Can Metal Alloys be Magnetic?
In most cases, alloys containing materials such as Iron, Cobalt and Nickel will exhibit magnetic qualities or be attractive to a magnetic field - this is usually determined by the ratio of magnetic to non-magnetic ingredients and the alloying process. Common alloys such as Bronze, Pewter or Gun Metal have minimal magnetic material in their structure so they often exhibit almost zero receptiveness to magnetism.
Can you separate stainless steel magnetically?
Some stainless steels are naturally magnetic so will attract a permanent magnet system for collection/recovery.
Likewise, some non-magnetic stainless materials become magnetic when machined or worked, so stainless steel filings/shards may be attracted to magnets (stronger magnets may be required). We can do this with our magnetic filtration systems, for example. if you need help on this, please contact us so we can talk to you about your application to determine how we can best provide you with a magnetic solution.
Can you separate my contamination from my machining fluid?
Possibly. As you will see from the above, it depends on how magnetic the contamination is. If it is magnetic like mild steel, then yes; if it is slightly magnetic we’d need to factor in your application to determine what is possible – if you have this problem we can talk to you about it to determine what we can do for you, including the possibility of trial tests for suitability. Read more about magnetic filtration
How does magnetic behaviour affect pull force?
Ferromagnetic and ferrimagnetic materials react strongly to applied magnetic fields, offering noticeable levels of pull towards the source of the magnetic field. Paramagnetic, diamagnetic and antiferromagnetic materials offer weak interaction forces to the applied magnetic field, often so weakly they are not really noticed. But this isn’t the full story. The magnitude of the applied magnetic field, the size (thickness) and shape of the material the magnetic field is being applied to, air gap between material and magnetic source, environmental conditions (e.g. temperature) and the total magnetic circuit all have an impact. So a very thin mild sheet steel is very likely to offer less pull force than a large slab of mild steel. A small NdFeB disc magnet will probably give less pull than a large NdFeB pot magnet on a large ferritic stainless steel component.

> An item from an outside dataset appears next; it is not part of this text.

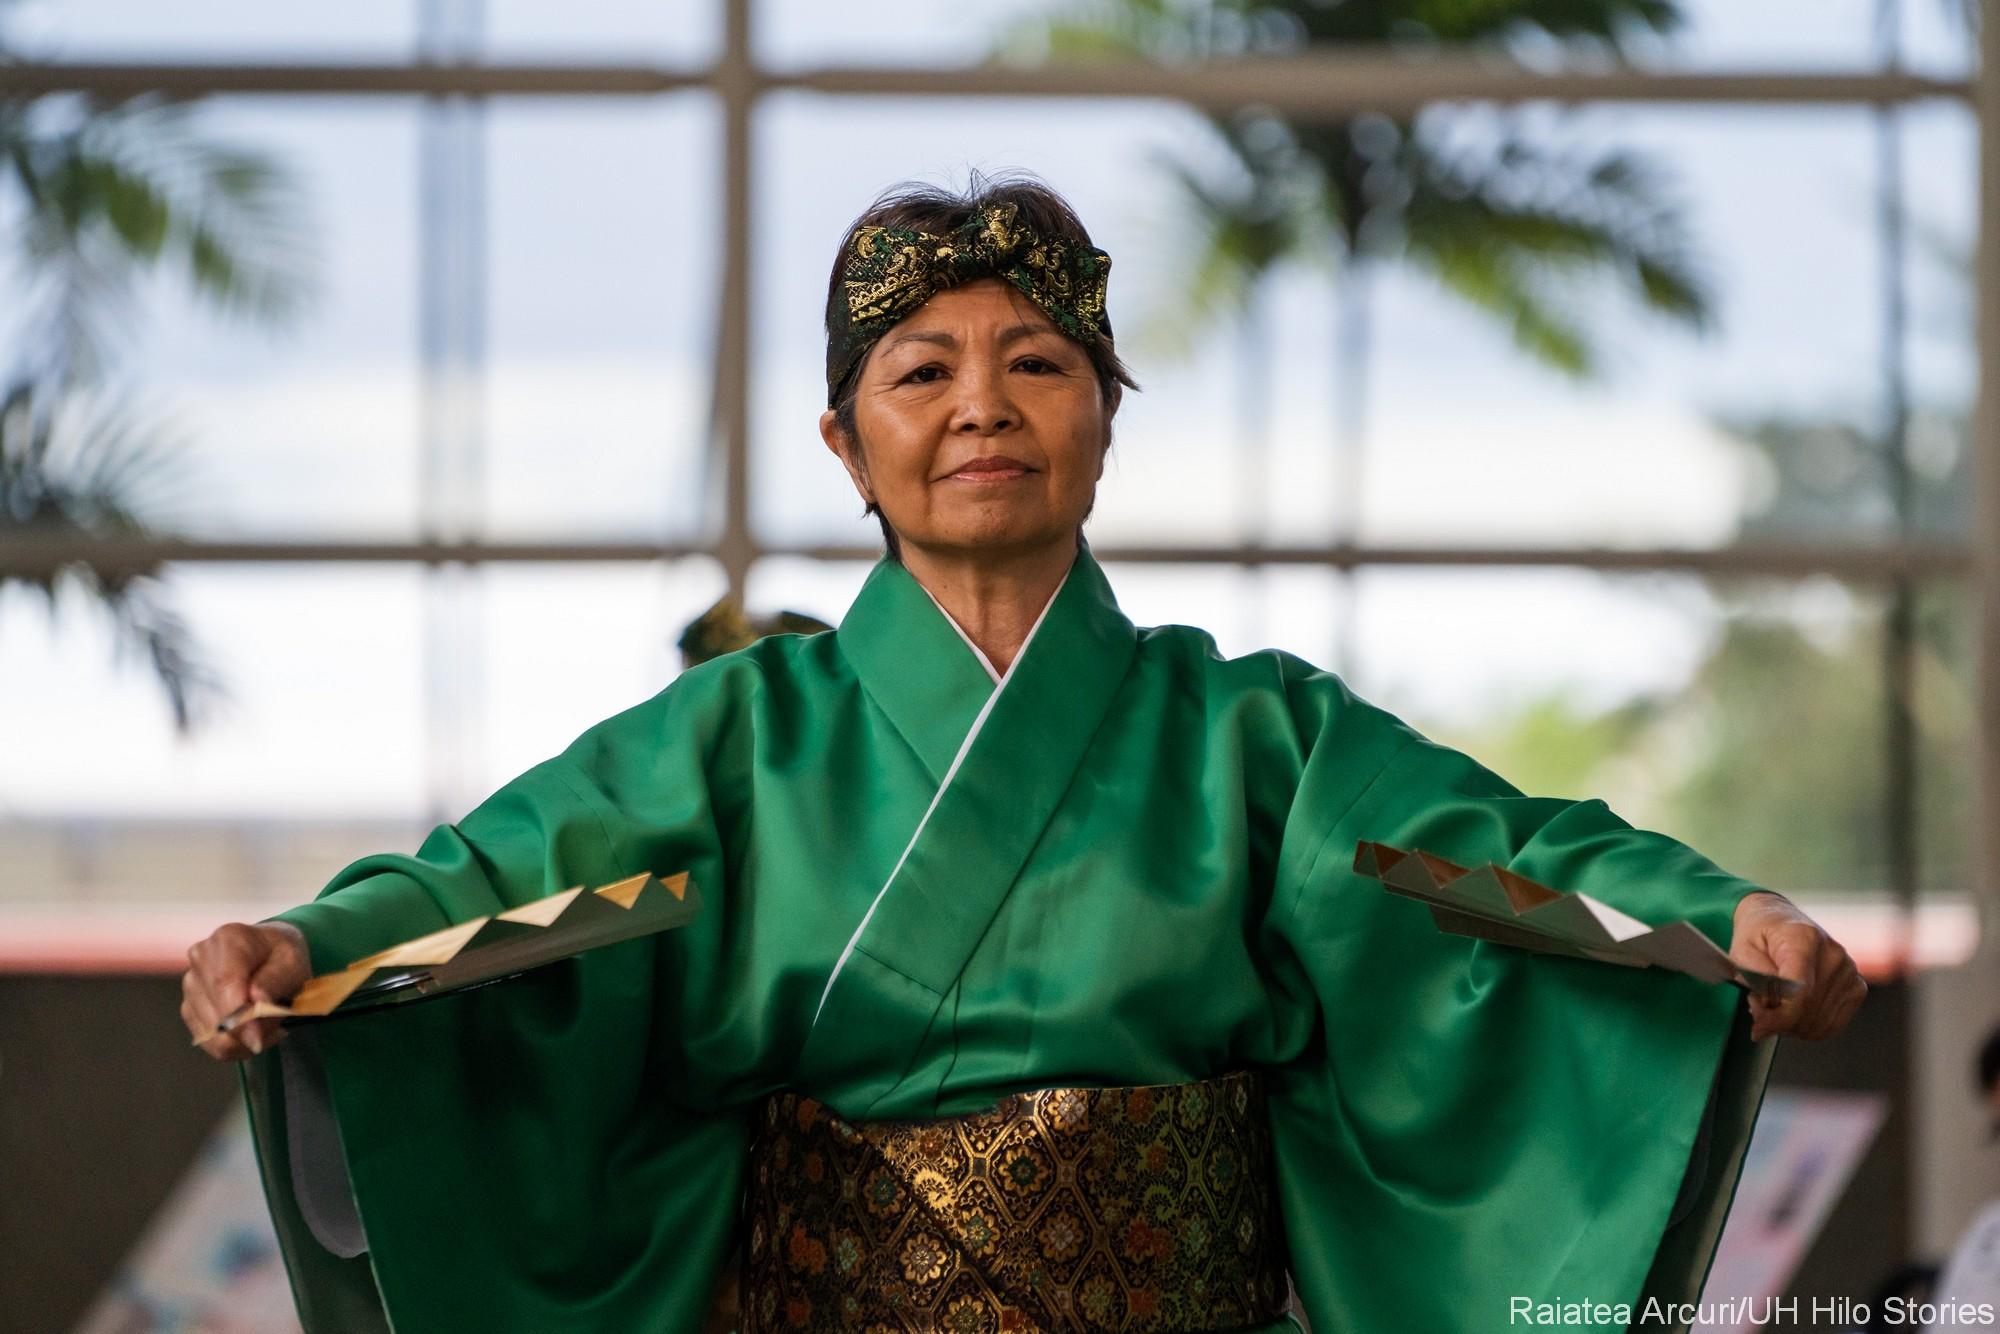 Woman in green doing Okinawan Dance.

A pot magnet will give much less pull force as the air gap to the ferromagnetic part increases. Steels with higher magnetic permeability will probably pull stronger to the applied magnetic field. Materials with higher magnetic susceptibility (which is linked to magnetic permeability) will offer increased levels of pull force. So the material type does affect magnetic performance - but so too does the applied magnetic field; the complete system needs to be taken into account. The real world problem is that some materials simply do not have reliable magnetic data (and in some situations no magnetic data exists for some materials). So in a few scenarios, the intended application is such that empirical tests are required to determine likely safe performance – often the magnetic solutions are application specific and we work with the customer to get the best solution for their needs.